Three days after his road trip and arrest, Janicki finally allows Jamie to cart him to the emergency room of the VA Medical Center. The doctor tells him that he's in danger of having a full psychotic break, which could lead to dementia. His prescription cocktail is switched from olanzapine (which is marketed as Zyprexa) and clonazepam (Klonopin) to the antidepressant citalopram hydrobromide (Celexa). And for the first time, the VA doctor recommends that Janicki pursue regular therapy with a VA counselor.

Of course, Janicki already has a PTSD counselor and has for months expressed concern about his mental well-being. The VA hospital assigns him a staff psychiatrist, Dr. Elizabeth Yaffe (who declined to be interviewed for this article). Meanwhile, Janicki fears that he's being medicated into a neutered state, without anyone fixing his overall mental problems. "All she does is prescribe stuff," he says.

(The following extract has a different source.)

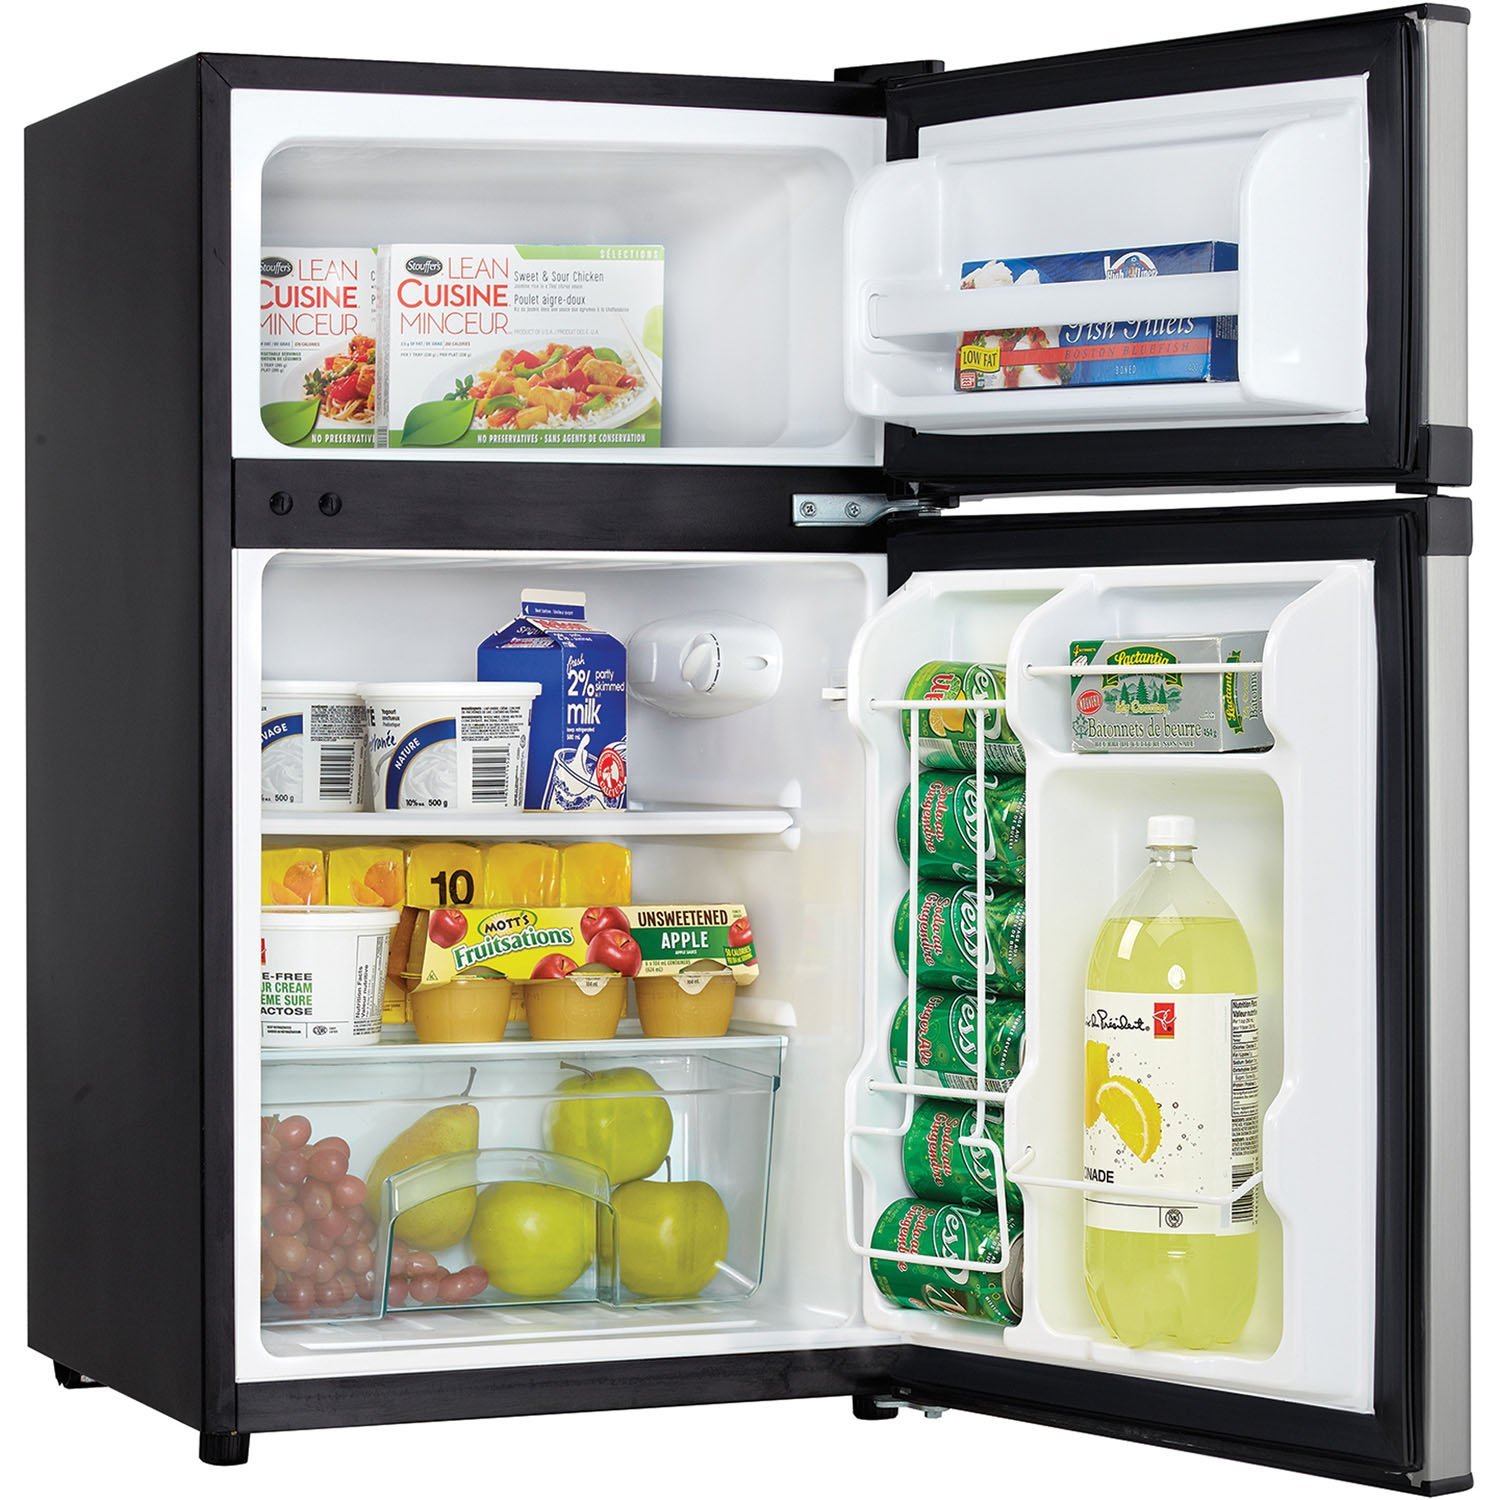 Danby cu. ft. 2 Door Compact Refrigerator Best Offer Best offers, best

Sitting at home beside Jamie on a recent weekday, Janicki lights a cigarette. His hands shake. "PTSD was called shell shock in World War I," Janicki says. "They've humbled down the name, and now they are trying to humble down their actual ties to it, basically." His pit bull sleeps near his feet. To make rent, he recently pawned his 9 mm handgun and sold his AK-47 rifle. Their car is still impounded in Illinois; an Army friend lent Janicki his Pontiac Grand Am.

The Secret Service still classifies his arrest as an open case and recently called his mother to see if he was coming home for Christmas. He missed his court dates, so he has open bench warrants for his arrest in D.C. and Illinois.

He fiddles unconsciously, messing with the dog or twisting up paper coffee cups. "I always feel antsy, like I'm supposed to be doing more but there isn't more to do," he says. "In Iraq, you're always paranoid of everyone outside your small group, your small unit, because they are all Iraqis. When I came back, I was paranoid of everybody outside my small group of my family, and then I started getting paranoid of, like, family members as well."

"He's 100 percent better," Jamie says unconvincingly.

She smokes and watches her husband intently before she adds, "But what if, God forbid, it happens again?" He passes over a package-handling gig because it's too far away; his wife has the car most days. He skips a painting job because it requires the initial investment of tools; he's too broke for that. He ignores a delivery position; it requires a clean driving record. Construction is out because of the cold weather. A whole column of opportunities is skipped for his own self-respect, because they pay less than $10 an hour.